(Task instructions) Leave every image behind and restate the data word for word.

(Data extract)
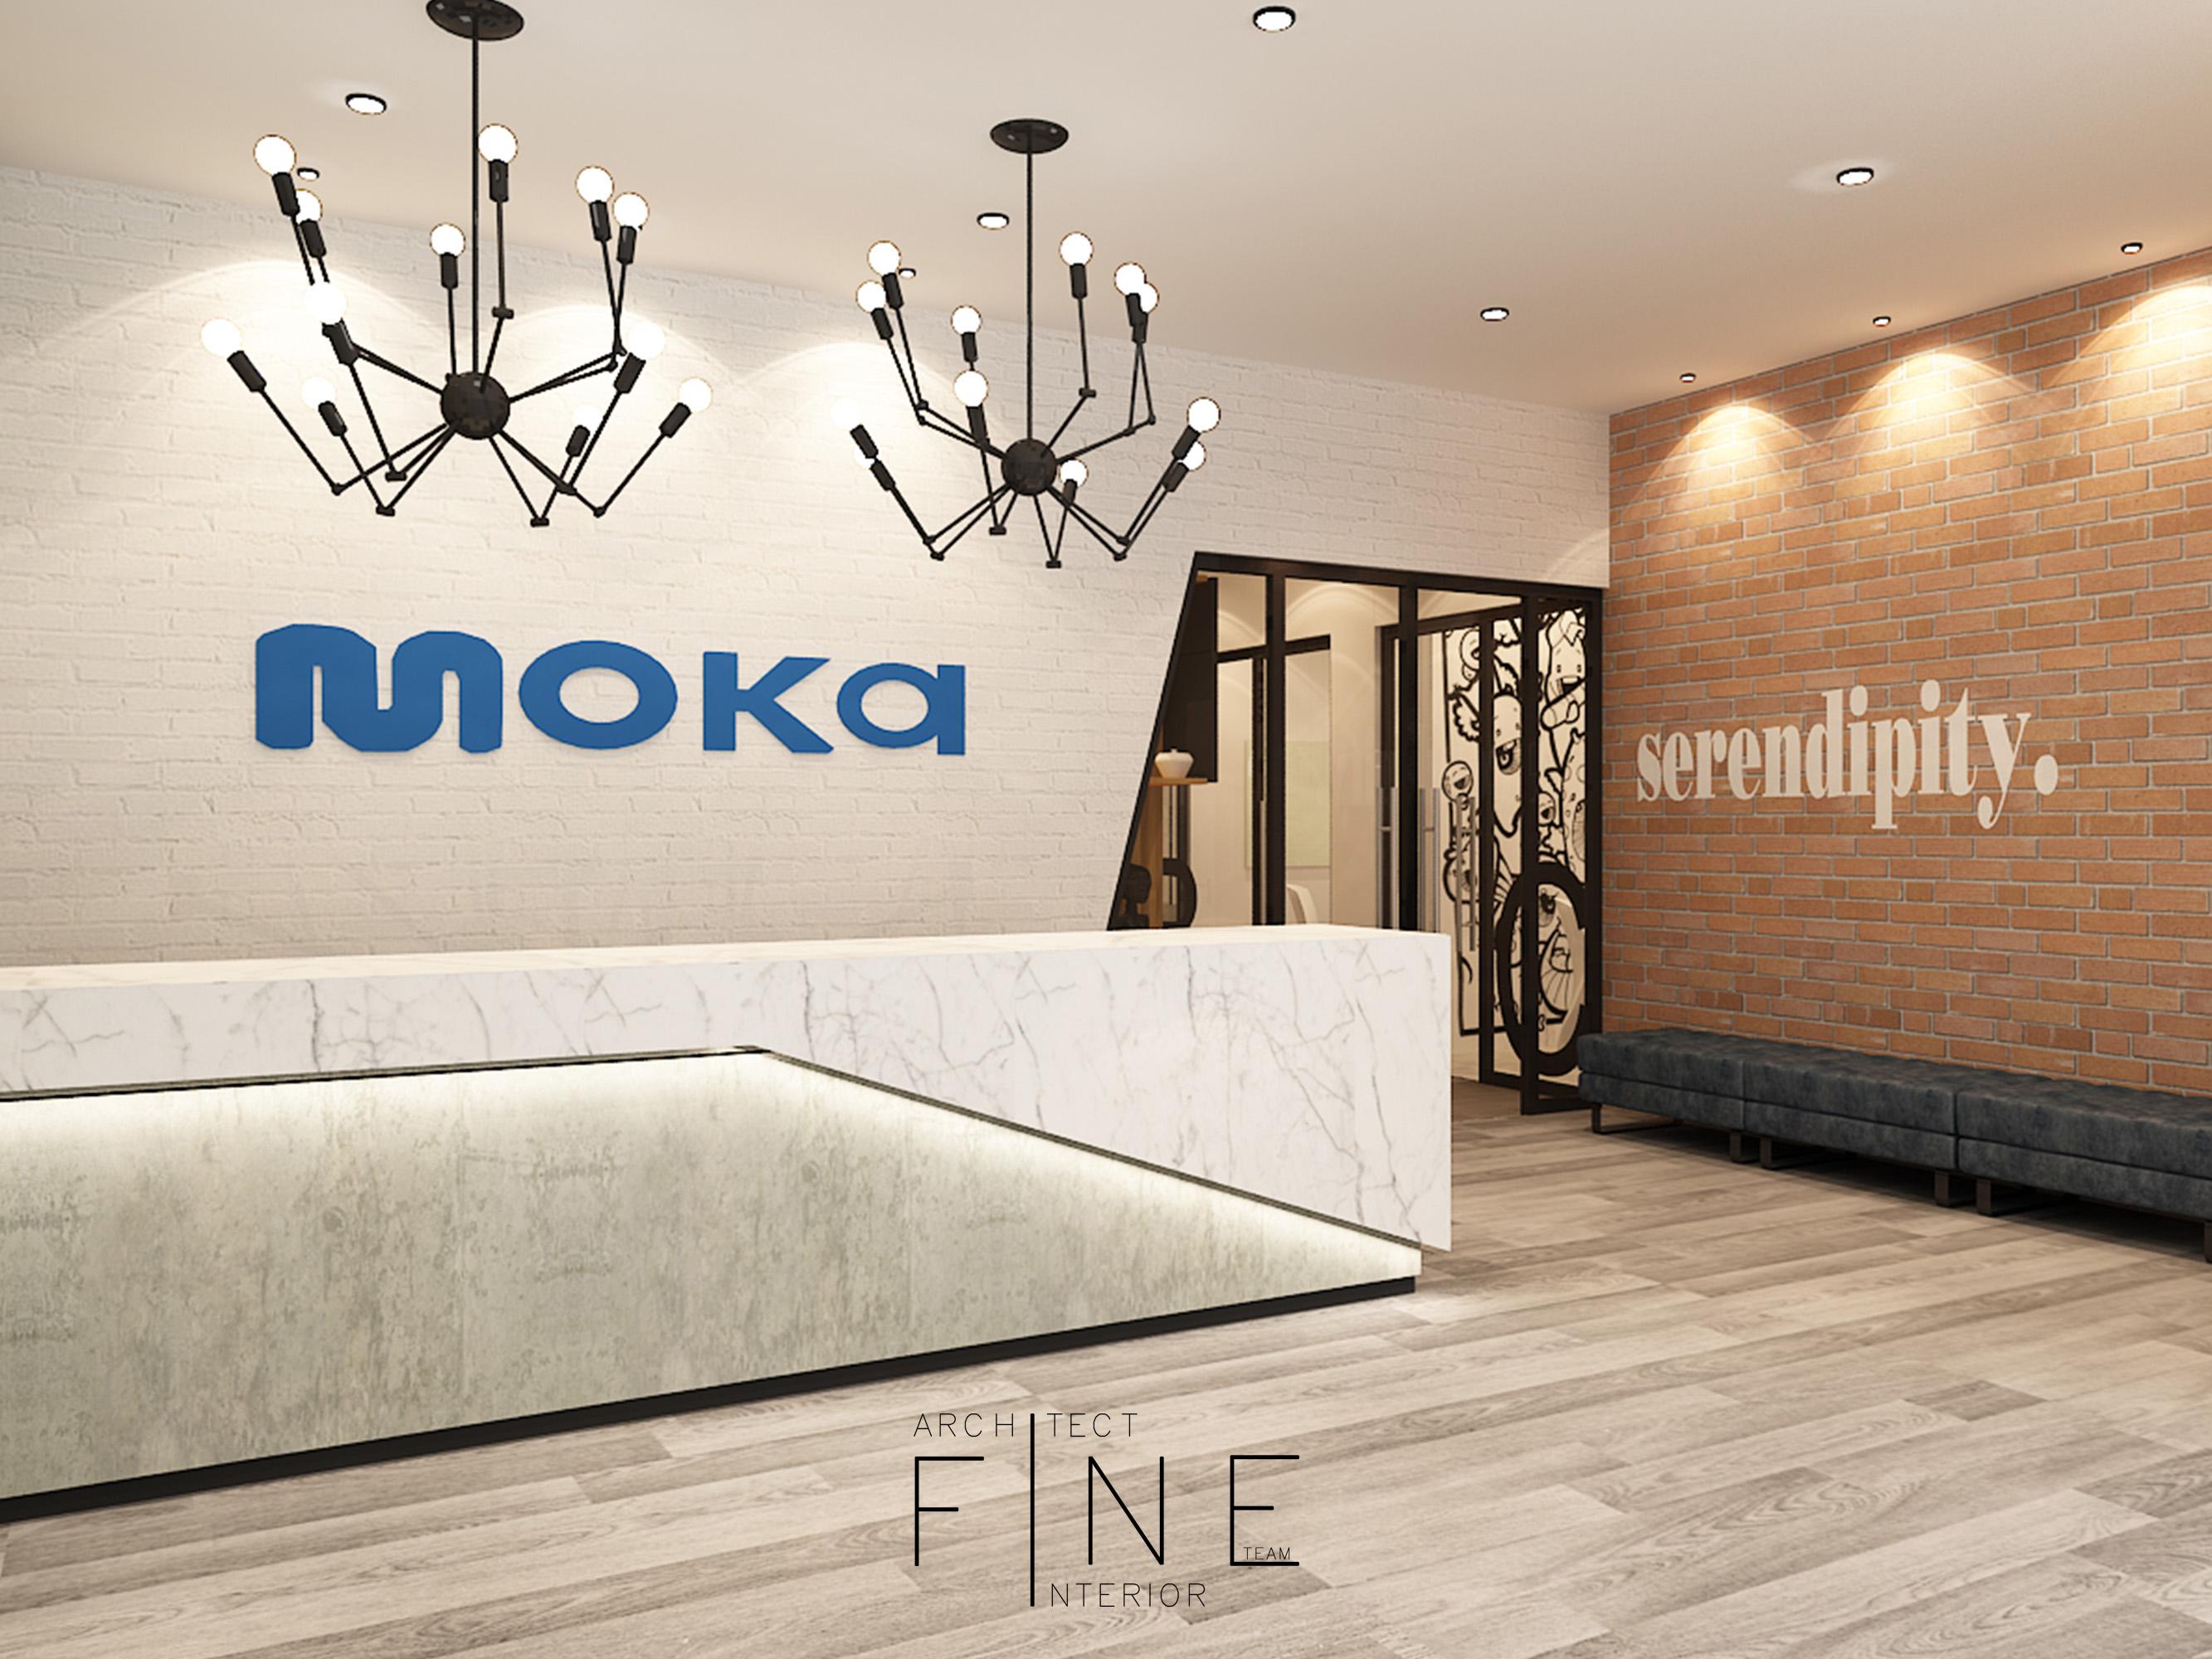 MOKAPOS OFFICE
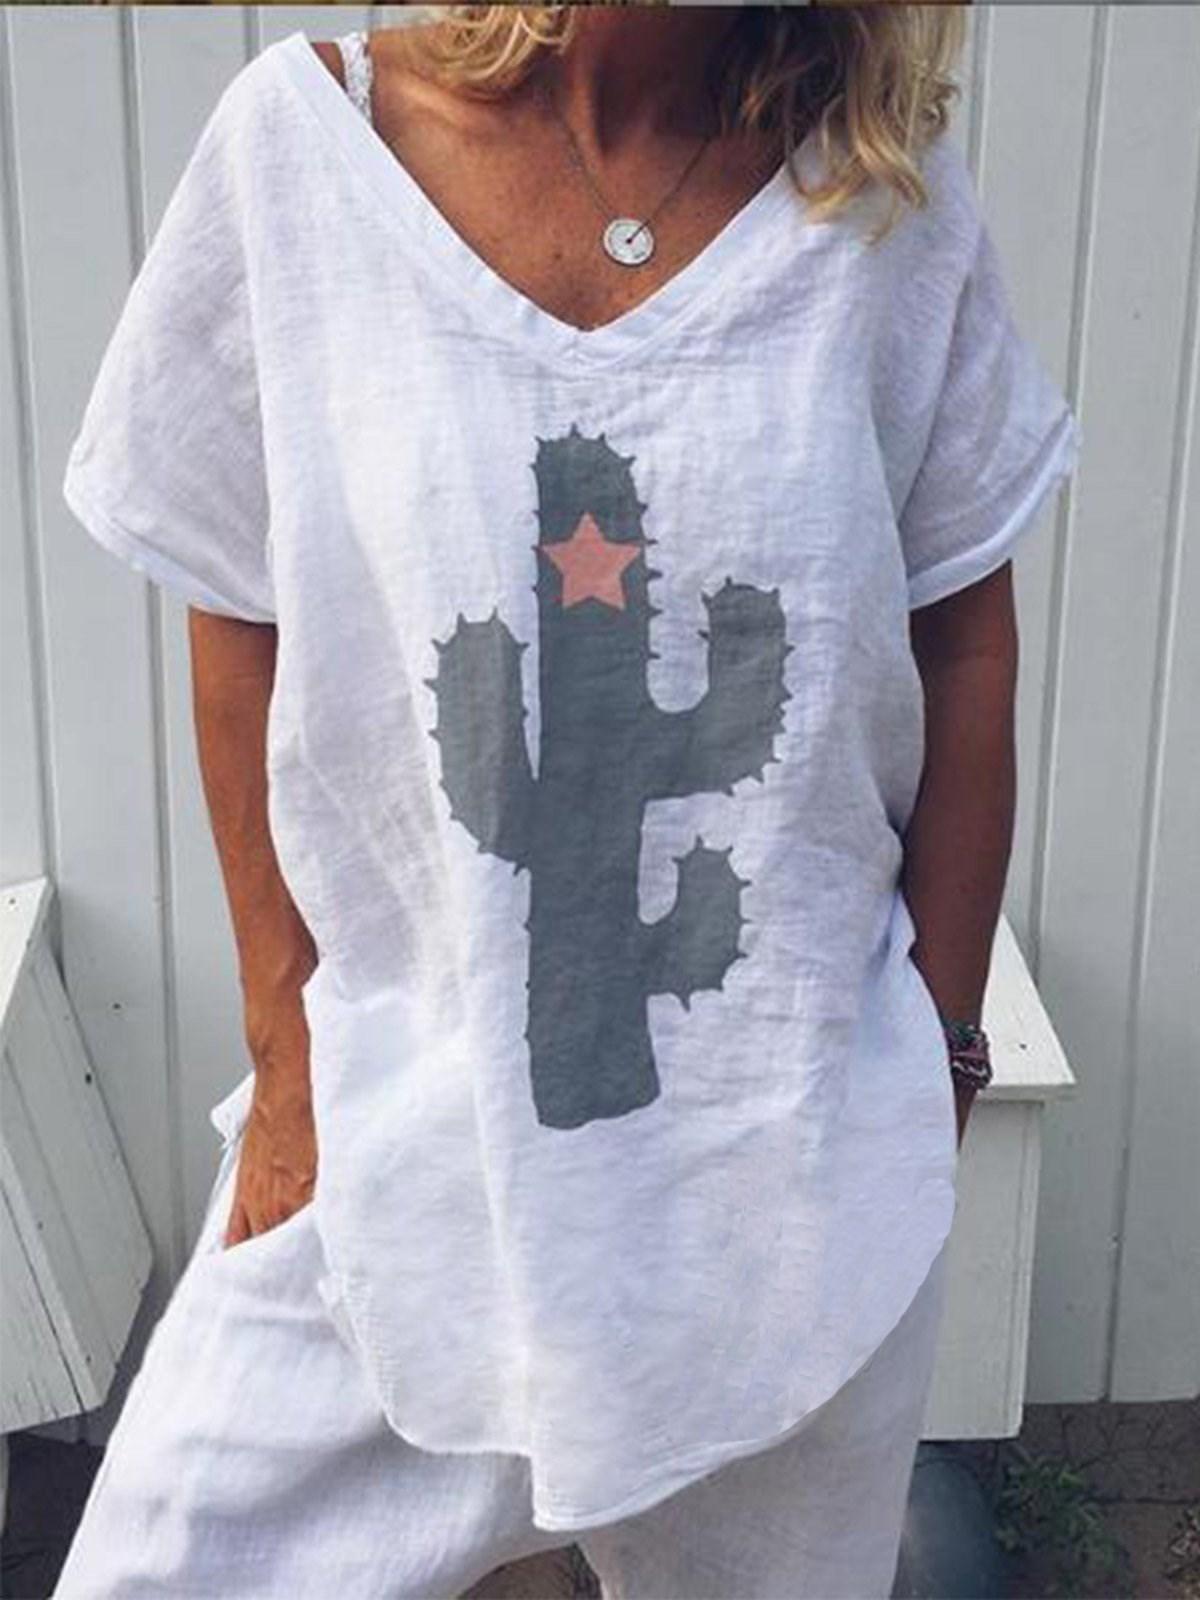 Basic Tee T-shirt Women Casual V-neck Summer Top Hipster White T Shirt
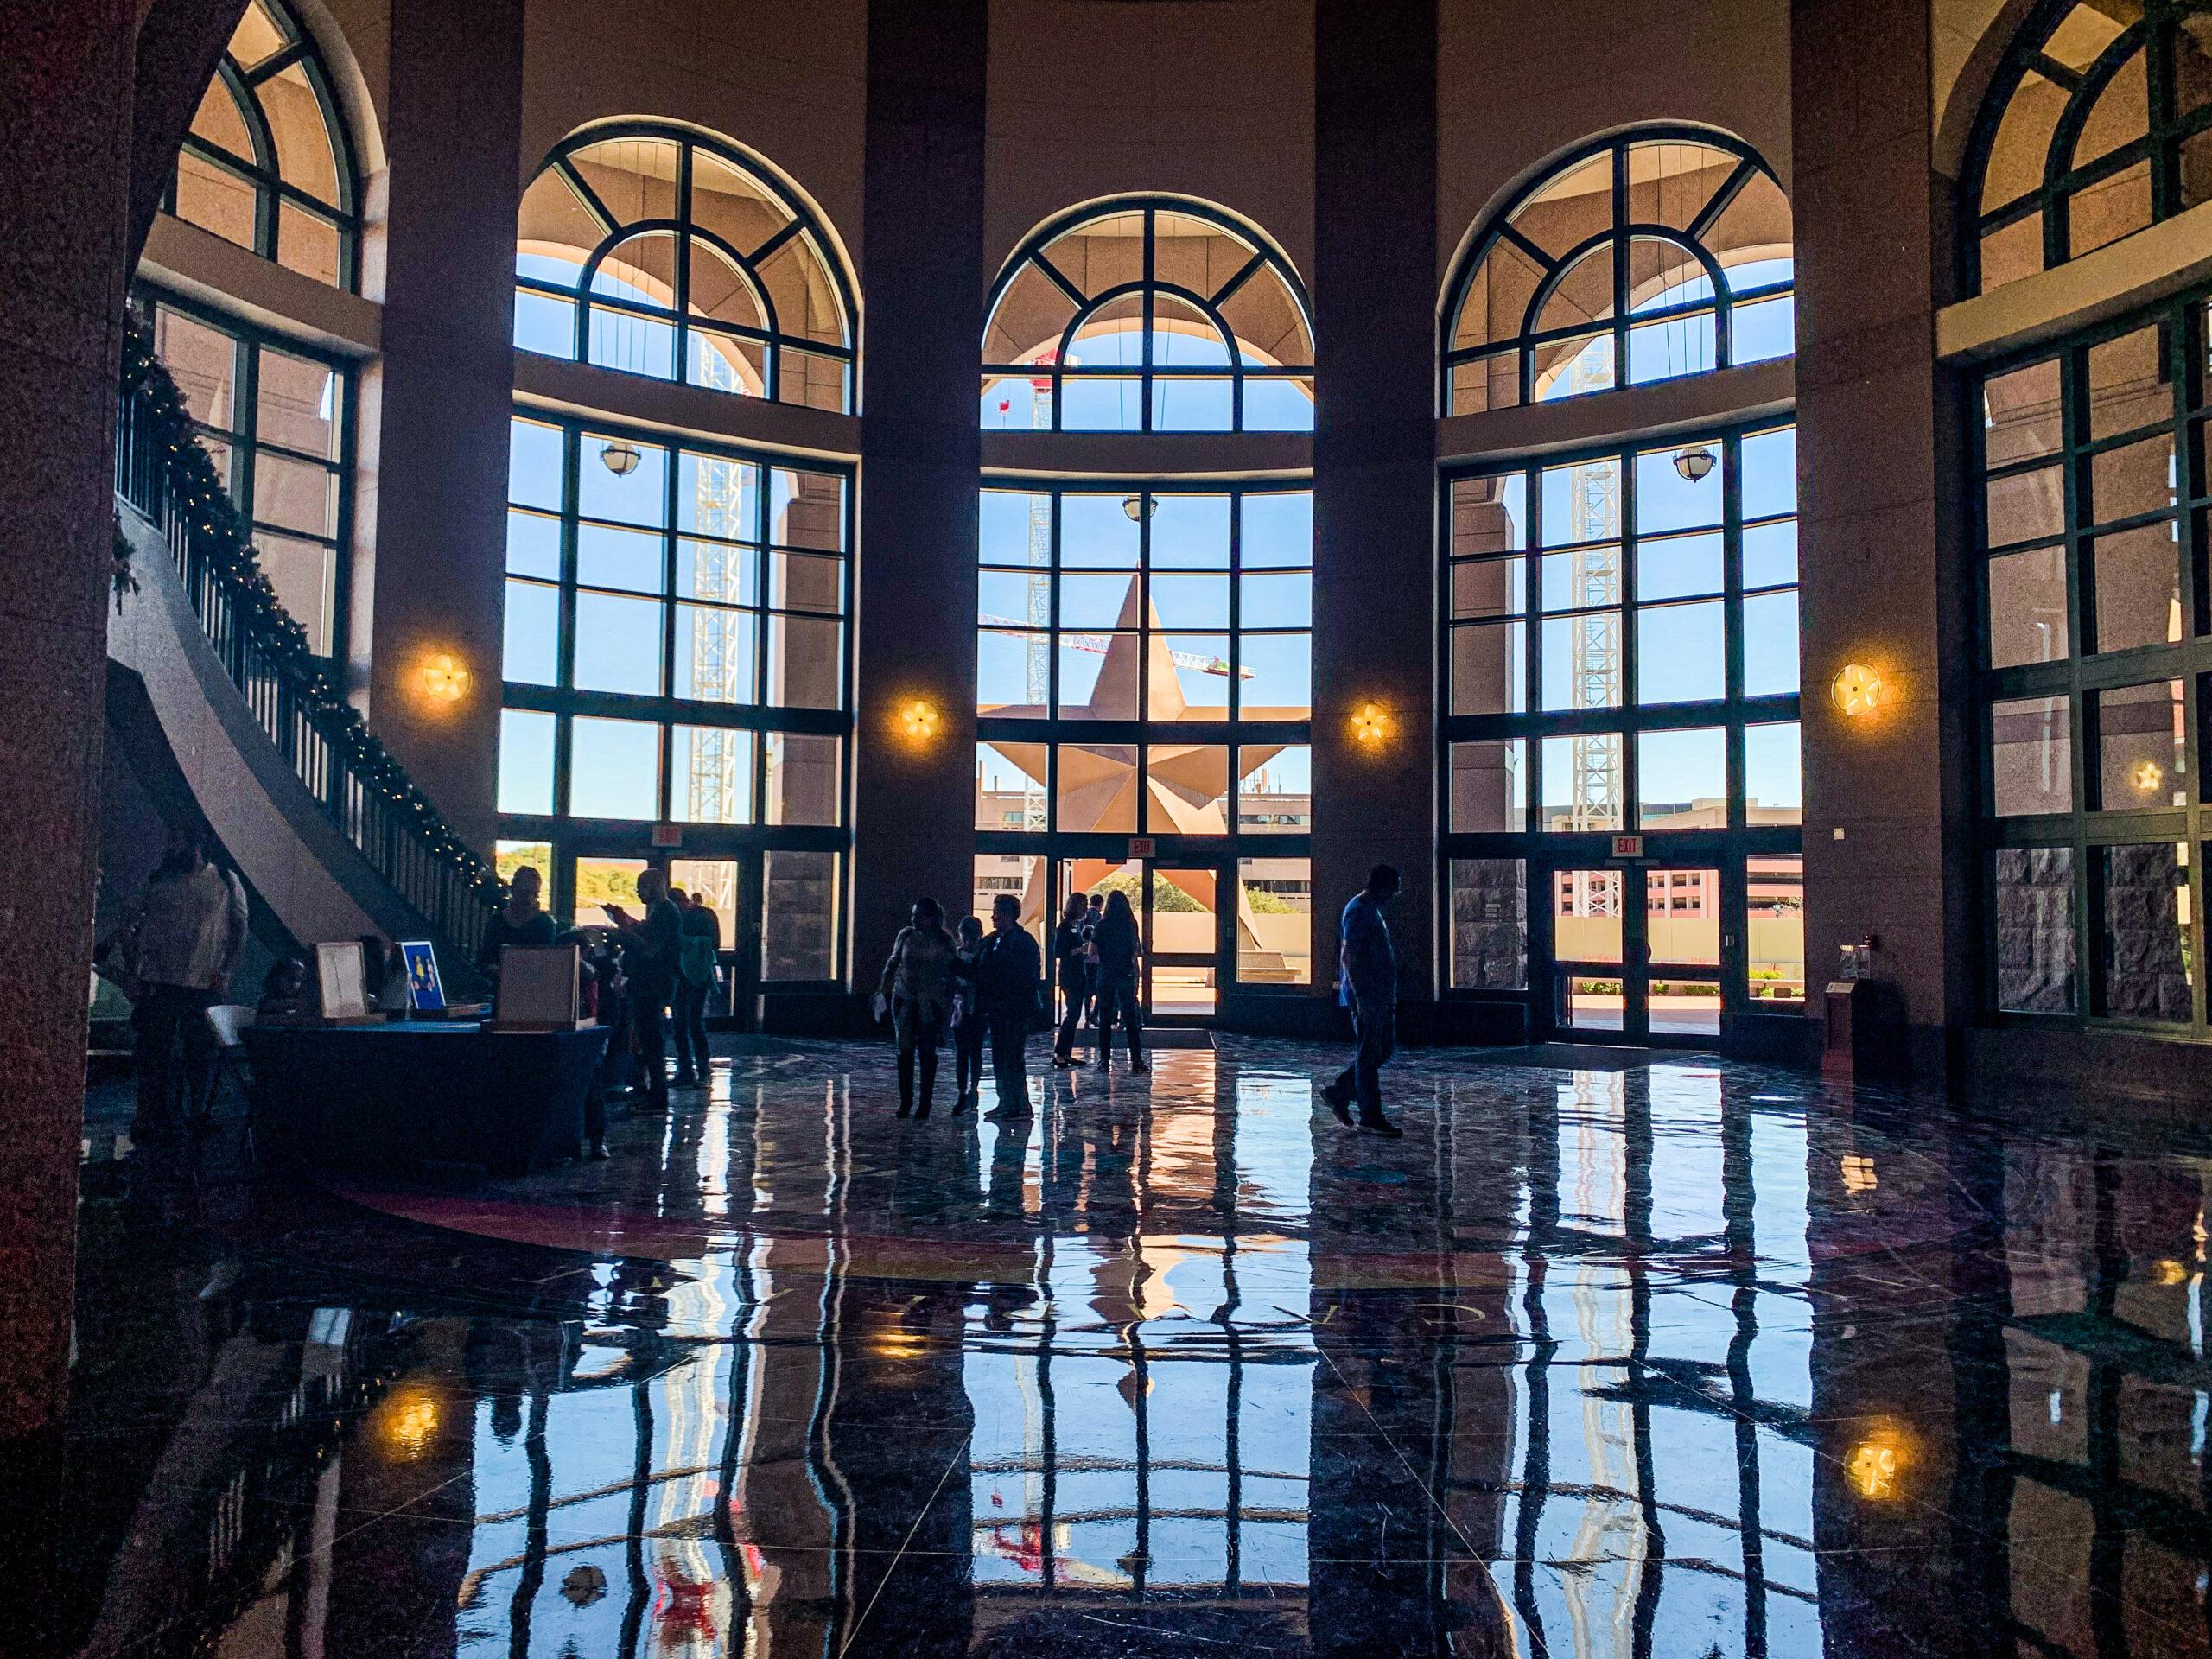 bullock texas state historymuseum

(Output of the exercise)
 MOKAPOS OFFICE
 Basic Tee T-shirt Women Casual V-neck Summer Top Hipster White T Shirt
 bullock texas state historymuseum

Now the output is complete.